BEGIN DATASET EXTRACT
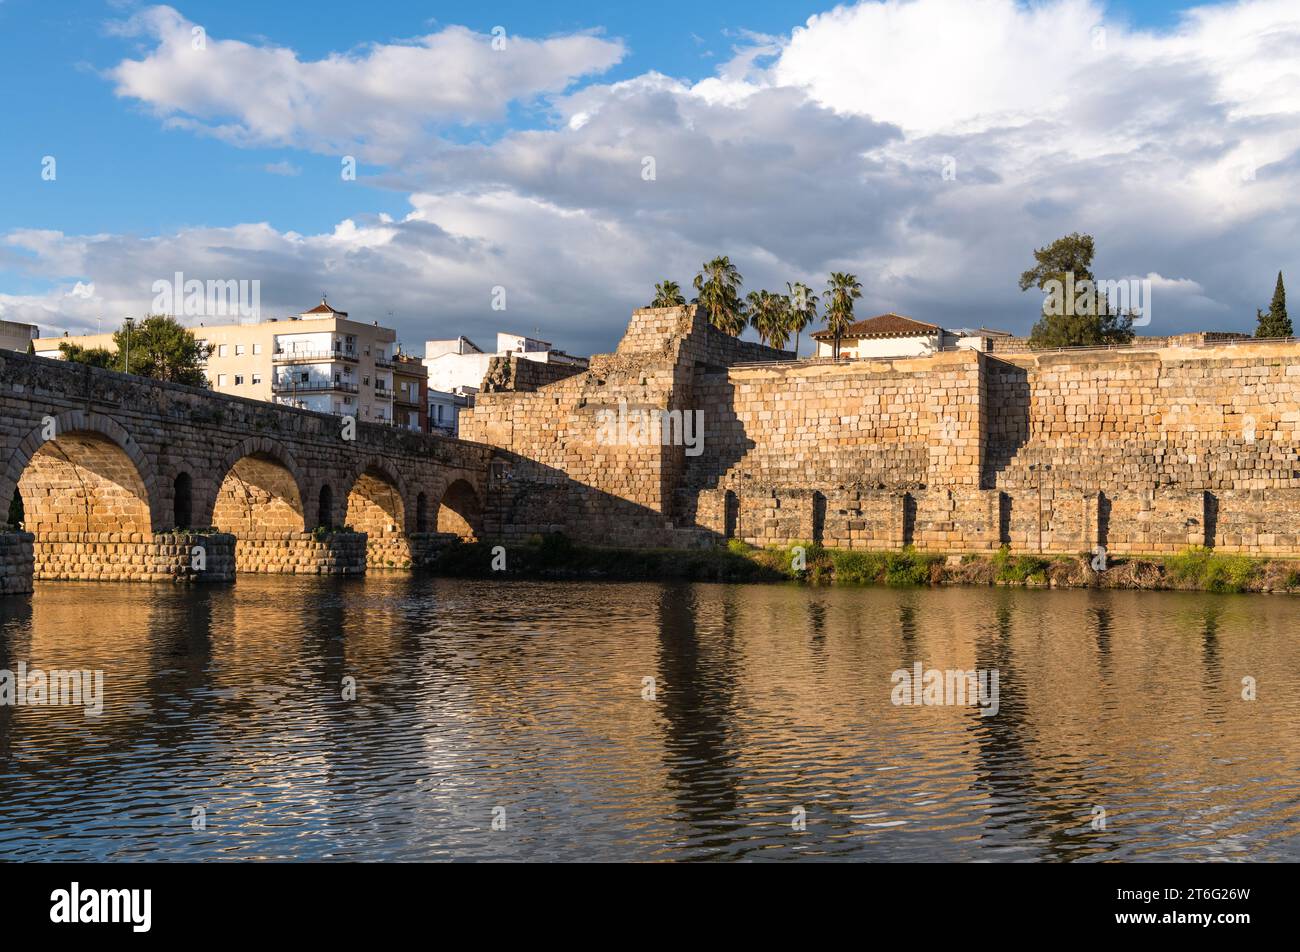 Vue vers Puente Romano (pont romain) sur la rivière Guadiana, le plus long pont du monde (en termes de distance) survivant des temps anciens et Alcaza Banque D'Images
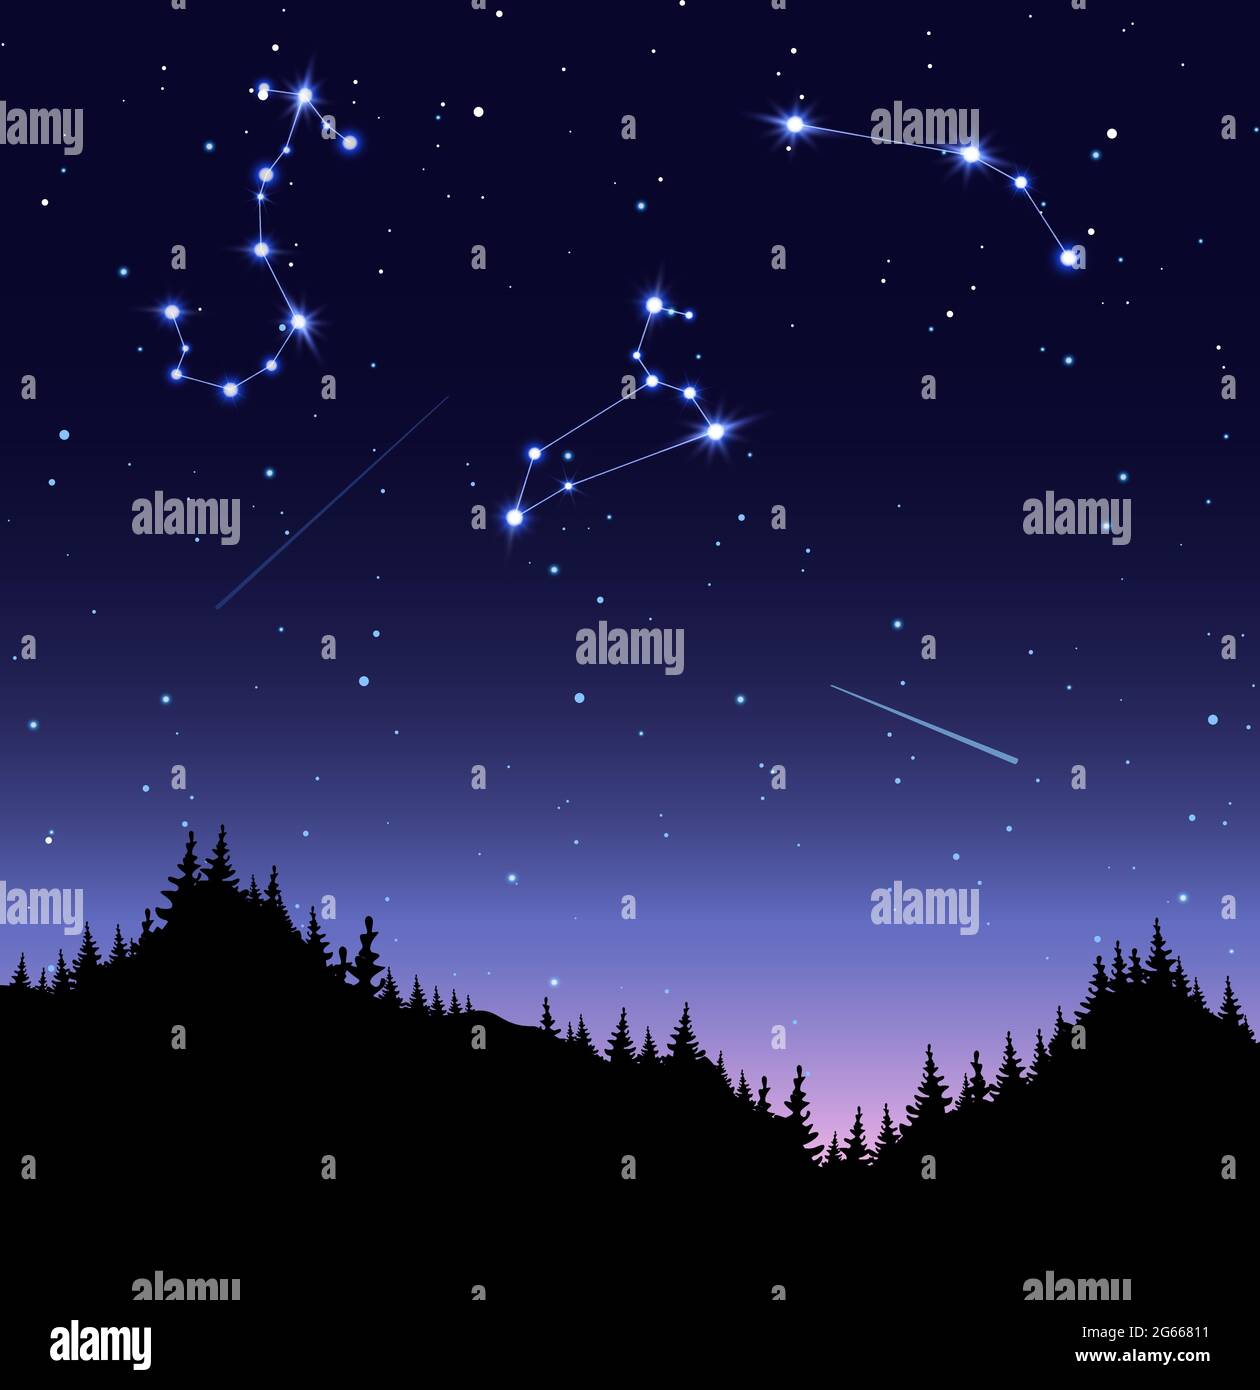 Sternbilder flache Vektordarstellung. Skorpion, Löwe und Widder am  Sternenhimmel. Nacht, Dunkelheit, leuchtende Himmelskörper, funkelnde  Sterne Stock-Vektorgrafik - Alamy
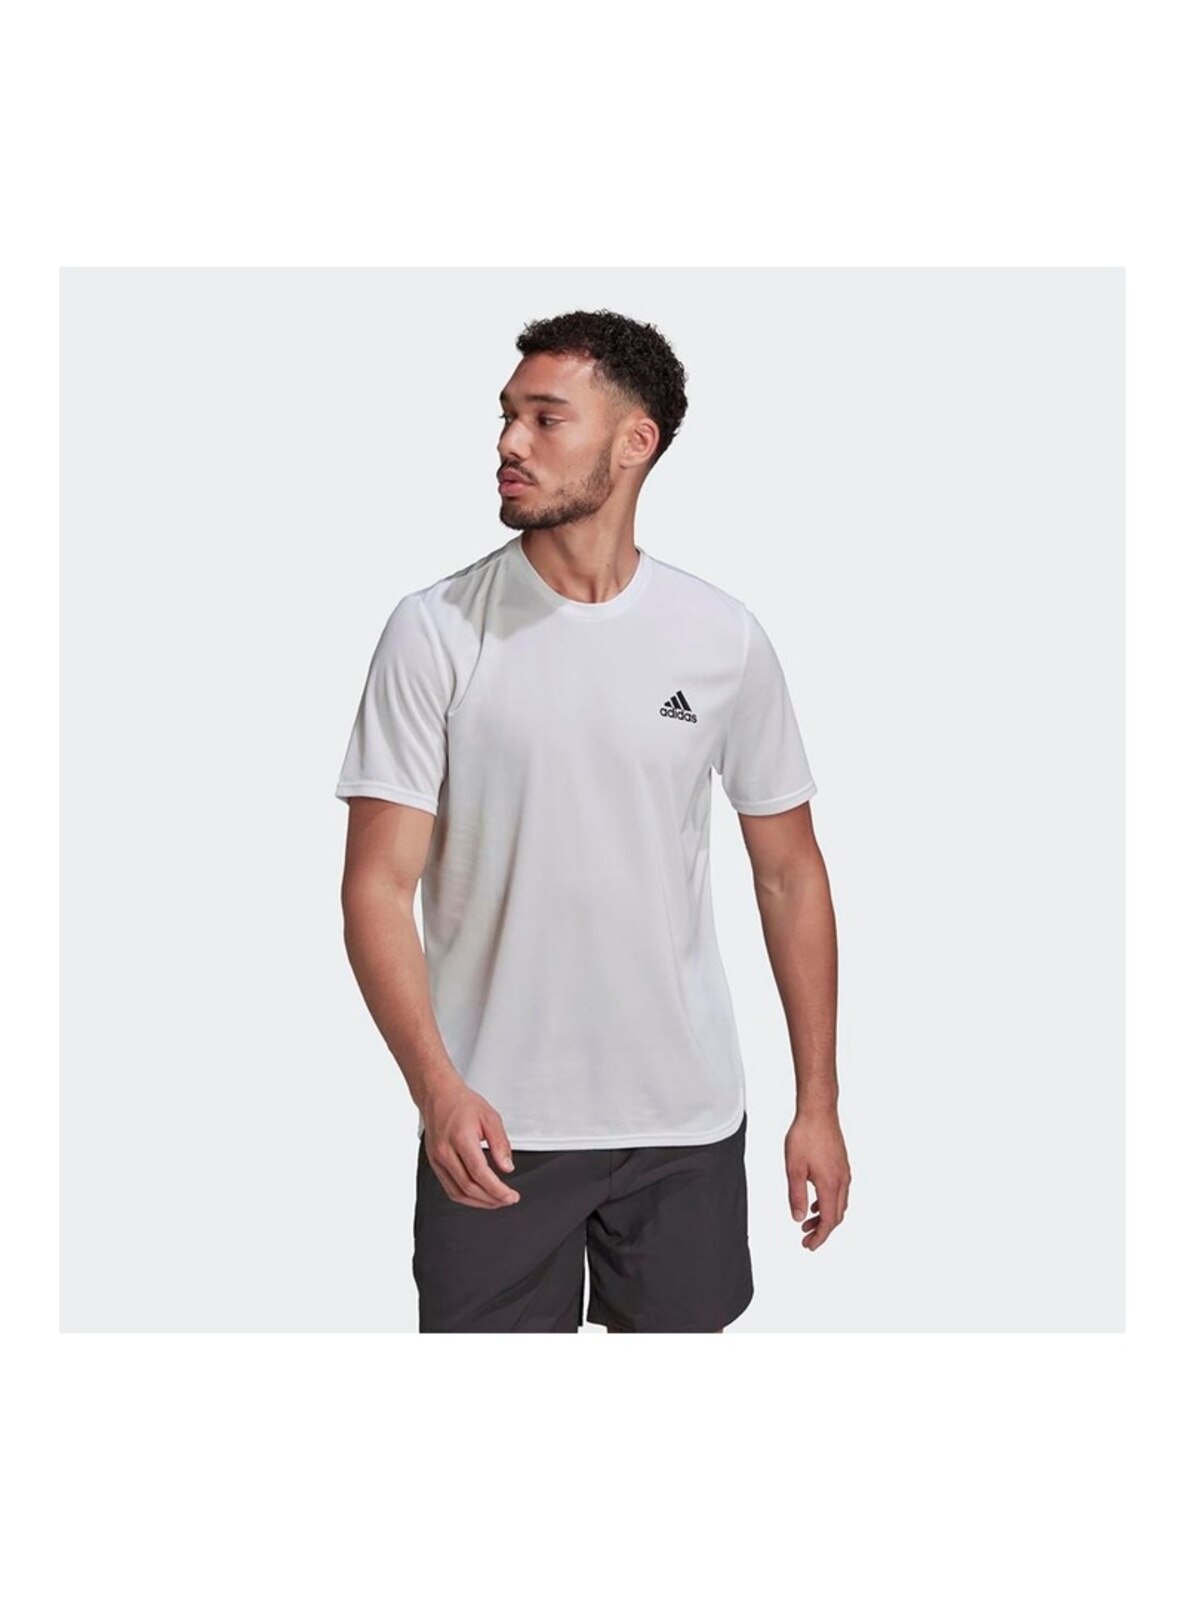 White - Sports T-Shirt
END DATASET EXTRACT
PROMPT. The material is to be written out word for word, and the pictures are to be left out.

RESULT.
 Vue vers Puente Romano (pont romain) sur la rivière Guadiana, le plus long pont du monde (en termes de distance) survivant des temps anciens et Alcaza Banque D'Images
 Sternbilder flache Vektordarstellung. Skorpion, Löwe und Widder am  Sternenhimmel. Nacht, Dunkelheit, leuchtende Himmelskörper, funkelnde  Sterne Stock-Vektorgrafik - Alamy
 White - Sports T-Shirt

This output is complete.